The ICR places relationships and nurture at the heart of care for children. While relationships are also critically important for older people, other physical and mental needs are different.  Health care, which has been stripped out of our care homes, is generally far more important.  What the ICR shows, however, is how a bottom up review would enable the care system to be redesigned about what is really important for older people.

People – the providers of care

Besides family, the most important stakeholder in the provision of care to older people in care homes is the workforce. 

“The workforce needs support, time and care to develop and maintain relationships”.

The longstanding problems besetting staff working in care homes for older people are well documented. The workforce is underpaid, poorly trained and understaffed – a consequence of our marketised care home system.  Despite these challenges, many perform miracles. 

The workforce, mainly women, also has little or no say in the day to day operation of the system or the management of crises like the Covid-19 disaster. They are treated as expendable. The trade unions are, outside of the local authority and voluntary sector, very weak.

“Supporting the workforce to care must be at the heart of Scotland’s service planning”.

A bottom up review of the care home system would enable the workforce to help re-design a system that depends on them.

Scaffolding

“Children [older people], families and the workforce must be supported by a system that is there when it is needed. The scaffolding of help, support and accountability must be ready and responsive when it is required.”

The Covid-19 crisis has revealed critical weaknesses in the scaffolding. There has been very little support for older people, their families and the workforce in care homes when they have most needed it over the last three months.  

Regulation was invisible until the end of April, far too late:

“There must be a complete overhaul of regulation and scrutiny that centres on listening to children [older people] about how they are cared for, their ability to flourish and thrive and that measures the things that matter to them.”

And this is equally relevant to the care of older people:

The current ‘care system’ does not operate as a system. At its worst, it can perpetuate and worsen the trauma that many children [older people] have already experienced.

There are many examples, including the disjunct between the NHS and care homes and the different contractual and fee arrangements for self-funding and publicly funded residents. Like children, at its worst, the care system can create trauma, as is likely to become clear as the full extent of the Covid-19 disaster becomes known.
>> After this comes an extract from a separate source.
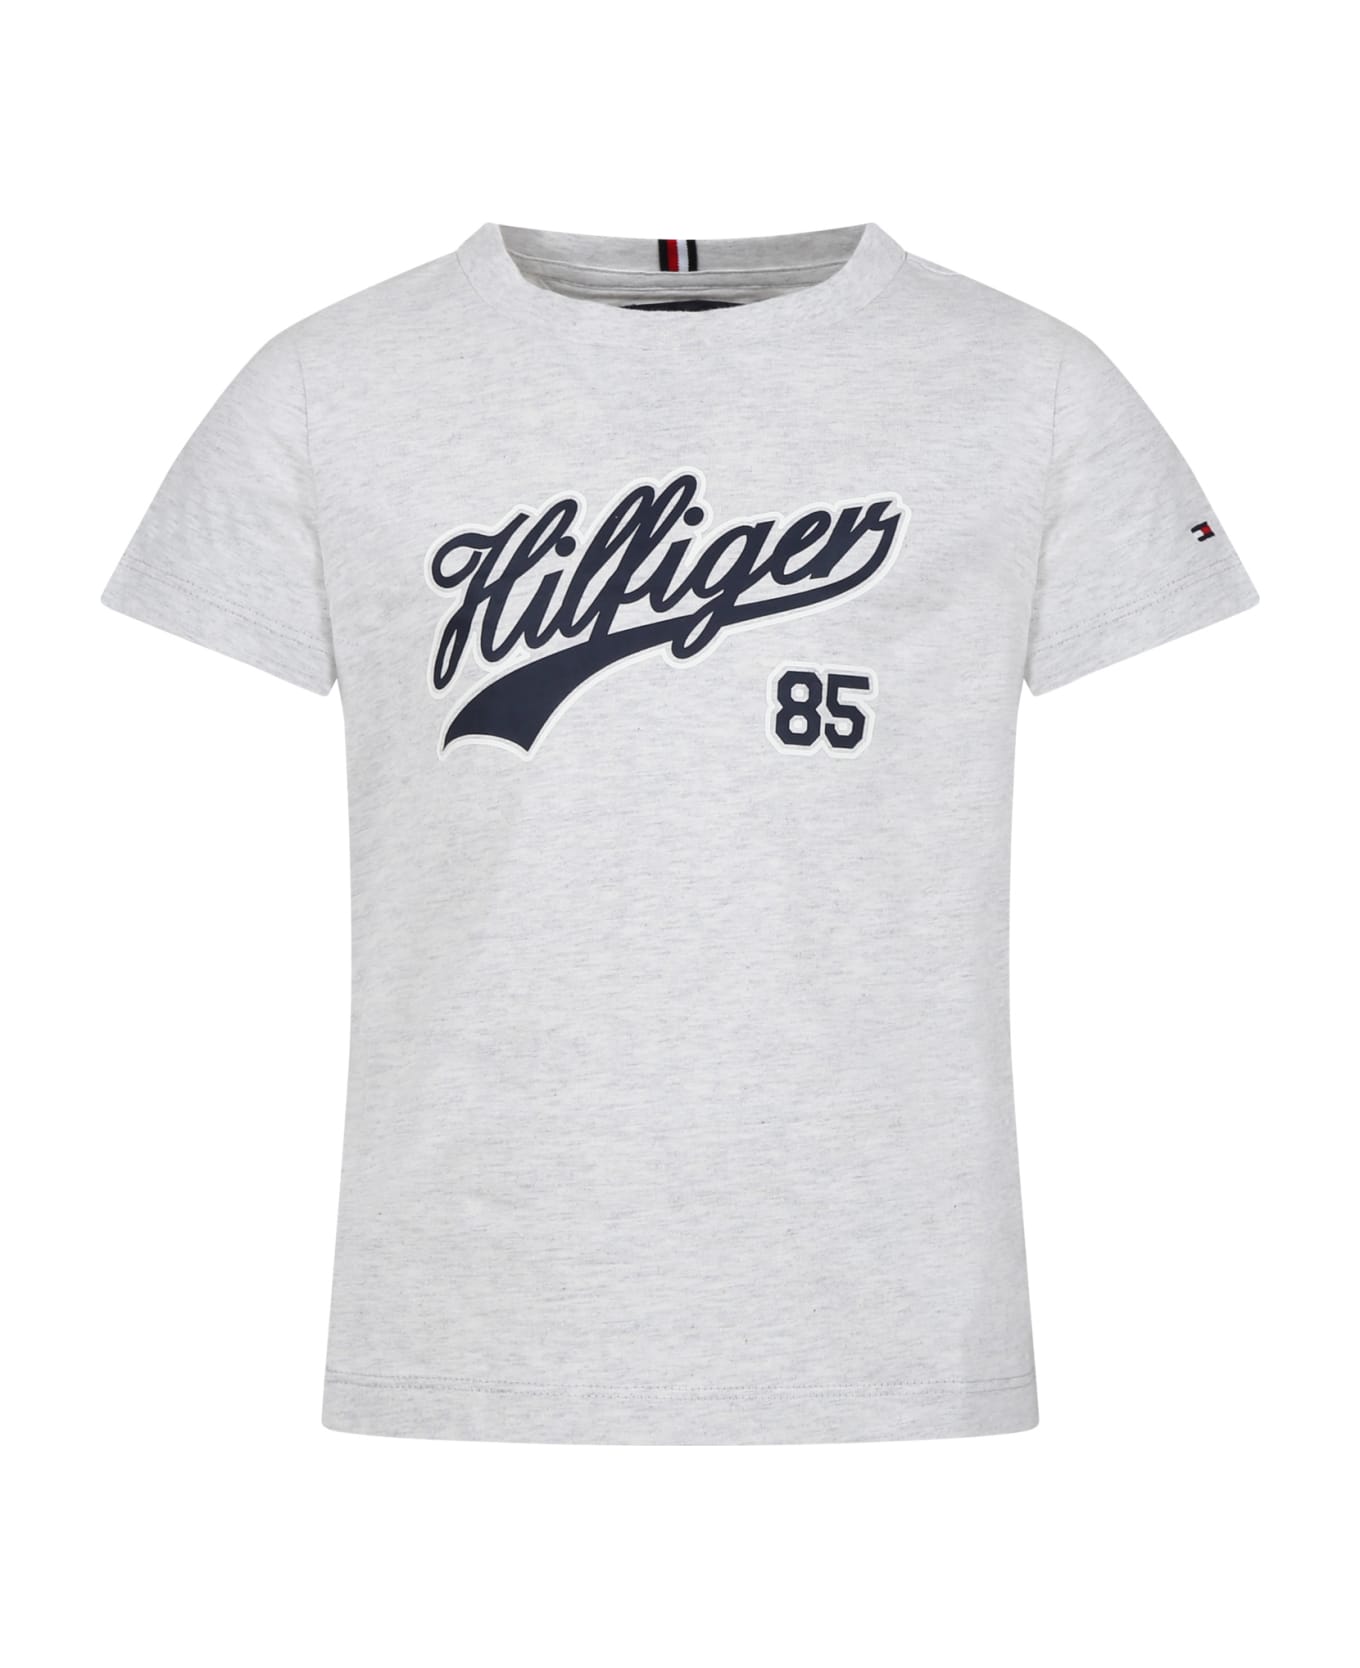 Tommy Hilfiger Gray T-shirt For Boy With Logo - Grey
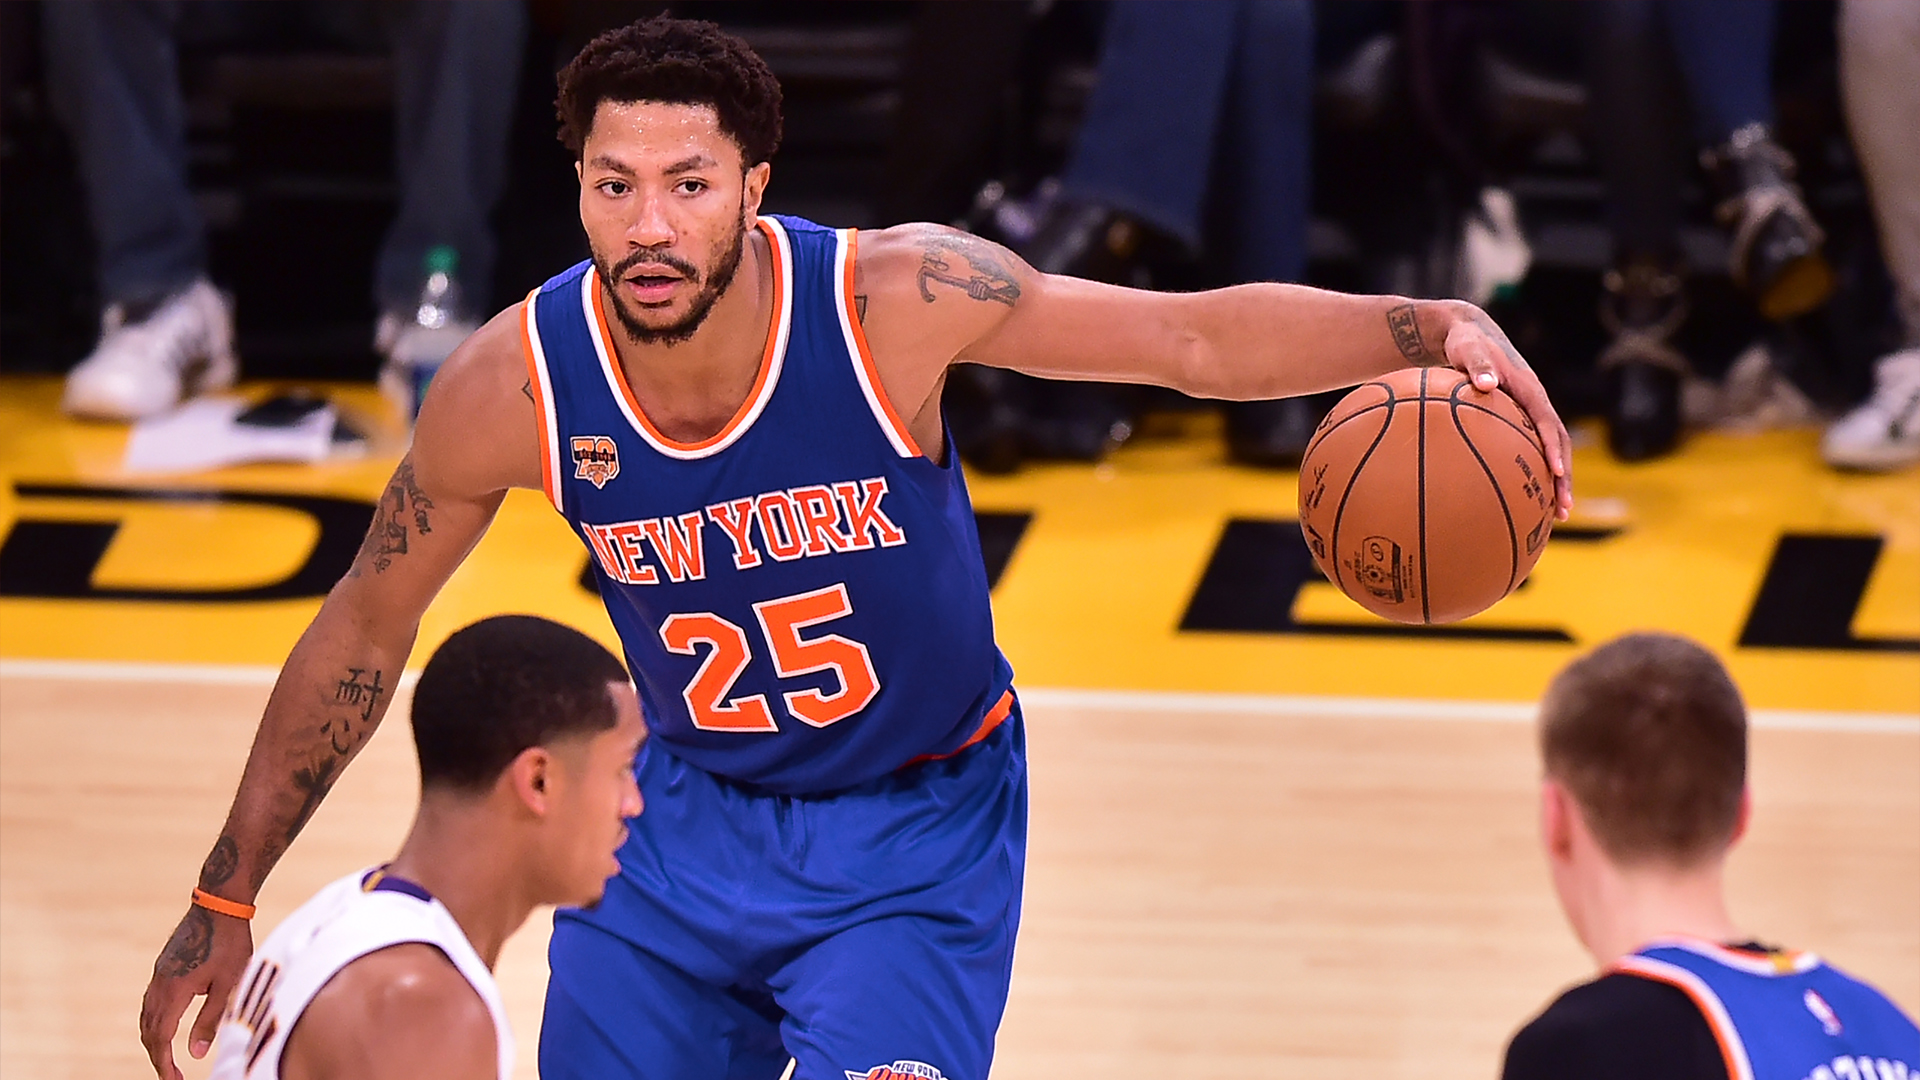 Derrick Rose's Adidas Contract Agrees To Pay His Brother & Best Friend Up To $375K In Salary, Report Says

Our current scaffolding is not fit for purpose.

What now?

The Scottish Government deserves to be criticised for their unpreparedness and subsequent mis-management of the Covid-19 crisis in care homes. But Nicola Sturgeon did the right thing four years ago when she set up the Independent Care Review for children and did the right thing when she promised to implement its recommendations.   

The Scottish Government should do the same for older people, building on the experience of the Independent Review, and with equal determination.  Instead of the current vague assurances, the Scottish Government must commit now to a bottom-up root and branch review of care homes in Scotland aimed at providing older people with the care they deserve.